GENRE: *Diverse, SEL
WORDS: 594
Query:
To all the PBParty judges, agents, and editors,
I am submitting my 594-word manuscript, MOM’S OCEAN, for your consideration. For ages 4 through 8, it shows the impact of untreated parental depression on a child. It demonstrates the importance of extended family support, medication, and therapy in making life better with a lifelong invisible disability. Daisy sees her mom’s happy times as yellow, the color of their love. Mom is often sad, and when she’s feeling blue, it’s a whole ocean of sadness. Daisy goes to stay with Nana while Mom starts treatment. Mom visits Daisy, and over time, Daisy’s definition of family expands as they begin to accept Mom’s colors.
MOM’S OCEAN is inspired by my own family history. Both my sister and I are bipolar, and I saw how my nieces and nephew thrived when she and my mother came together to raise them. This story has the love between mother and daughter of MAMA’S DAYS (Andi Diehn and Angeles Ruiz), combined with a struggling child’s need for reassurance in the 2022 reissue of Crescent Dragonwagon’s WILL IT BE OKAY? (illustrated by Jessica Love).
I’m a SCBWI member and Children’s Book Academy graduate. My debut picture book, HENRY THE BOY, was published in 2019 by Penny Candy Books, who also accepted this manuscript, but closed before it could be contracted. My middle grade graphic novel series, THE FANTASTIC FREEWHEELER, stars a superhero who, like me, has cerebral palsy and uses a wheelchair.

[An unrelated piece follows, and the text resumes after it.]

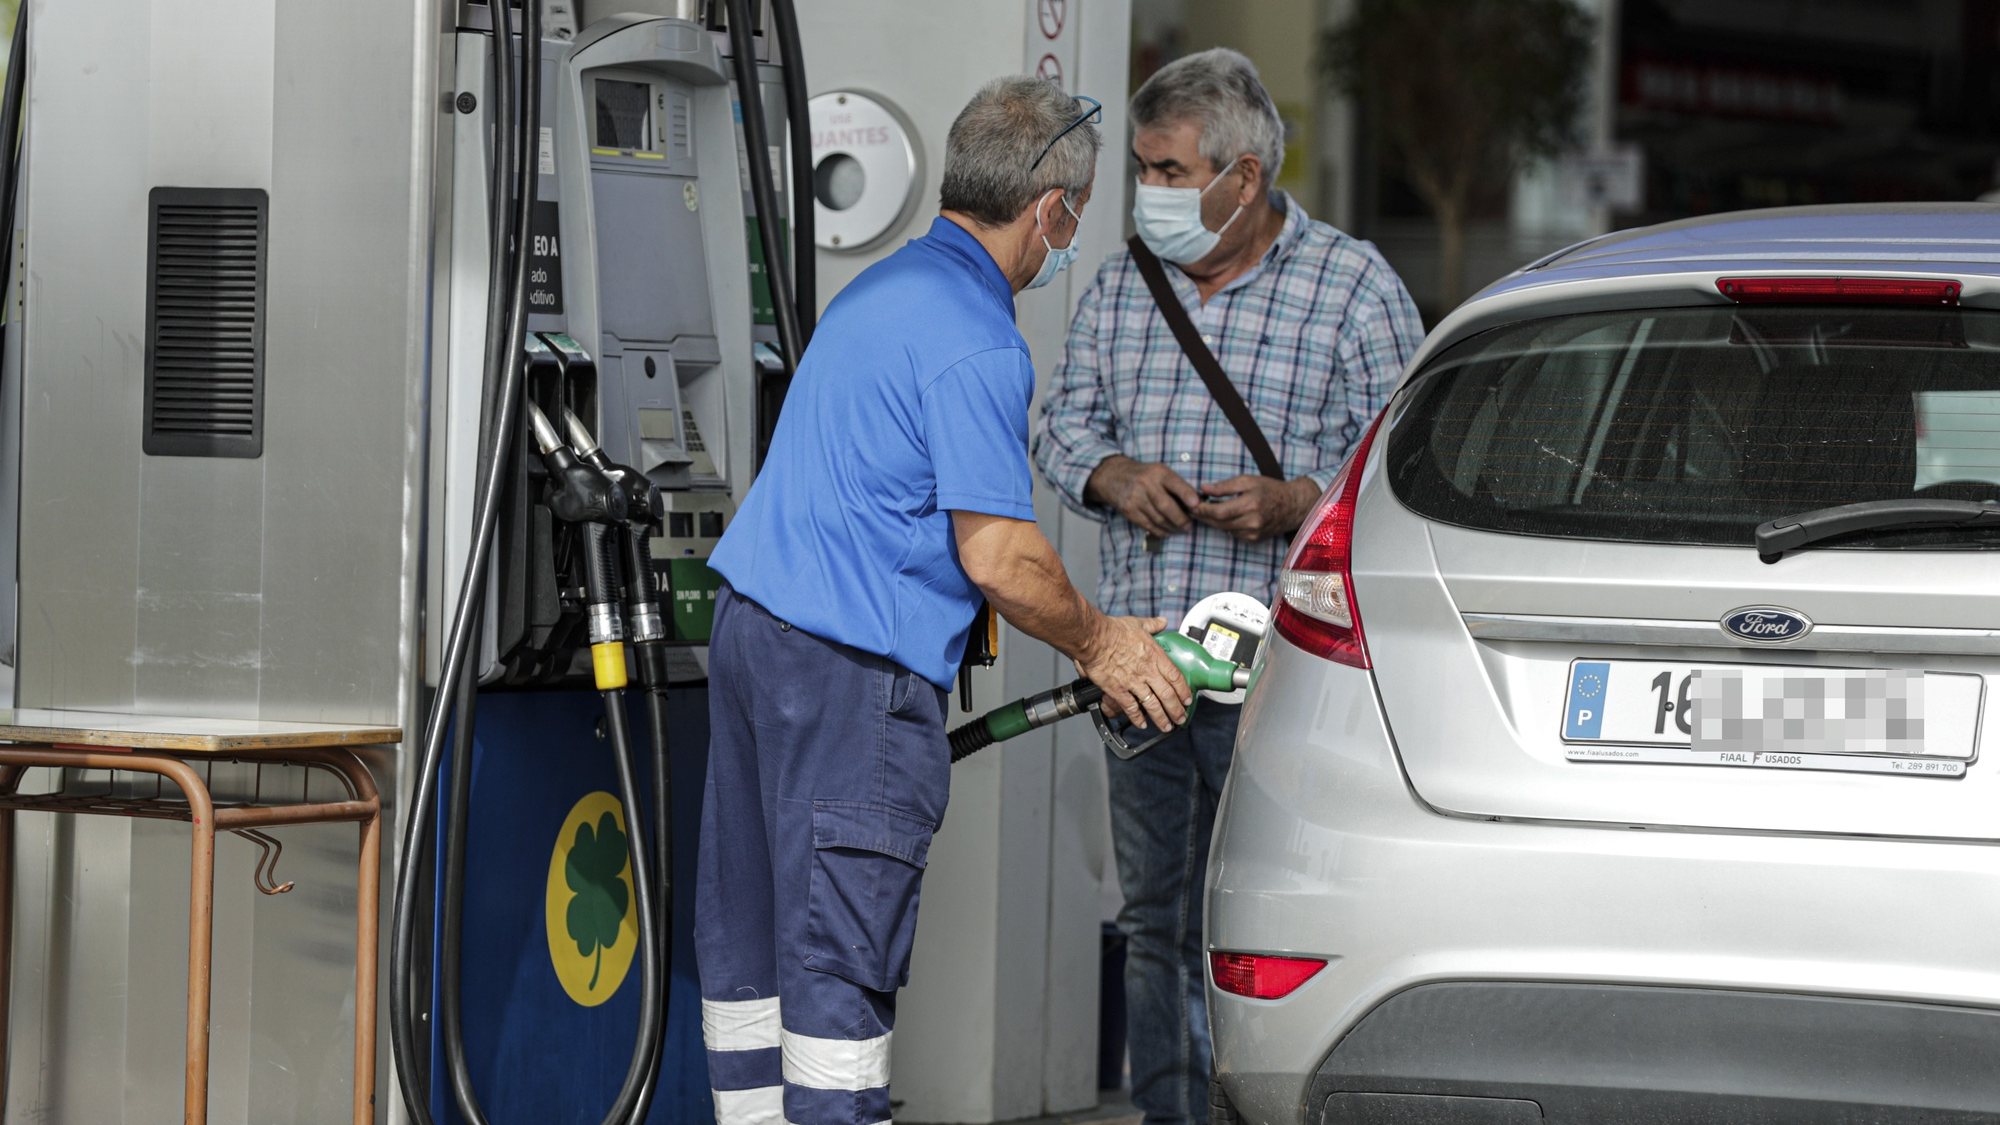 Automobilistas portugueses abastecem em Espanha para fugir aos preços altos dos combustíveis em Portugal e vão abastecer a Espanha, onde a diferença pode chegar aos 36 cêntimos por litro, em Ayamonte, Espanha, 17 de outubro de 2021. (ACOMPANHA TEXTO). LUÍS FORRA/LUSA

The first four books released in 2023, and the next four are slated for Spring and Fall of 2025. I’m partnered with my own fantastic service dog, the soon-to-be-retired Patterson.
Thank you for your time.
Excerpt:
For Mom and me, love looked yellow, like lemonade under our tree. Daffodils in the yard. Buttery pancakes.
Except when it didn’t.
When we played in bed, the blankets and sheets were a blizzard to escape.
[The blankets and sheets are white.]
When she got up, my heart glowed. Like sun melting snow.
On happy days, we walked to the dog park and pretended the biggest dog was ours.
What inspired you to write this story & what do you have in common with it:
The representation of invisible disabilities like my bipolar disorder is just as important as the representation of physical disabilities like my cerebral palsy. I wanted to create a realistic, hopeful story children could understand about the power of family love to endure. There is also power in asking for help.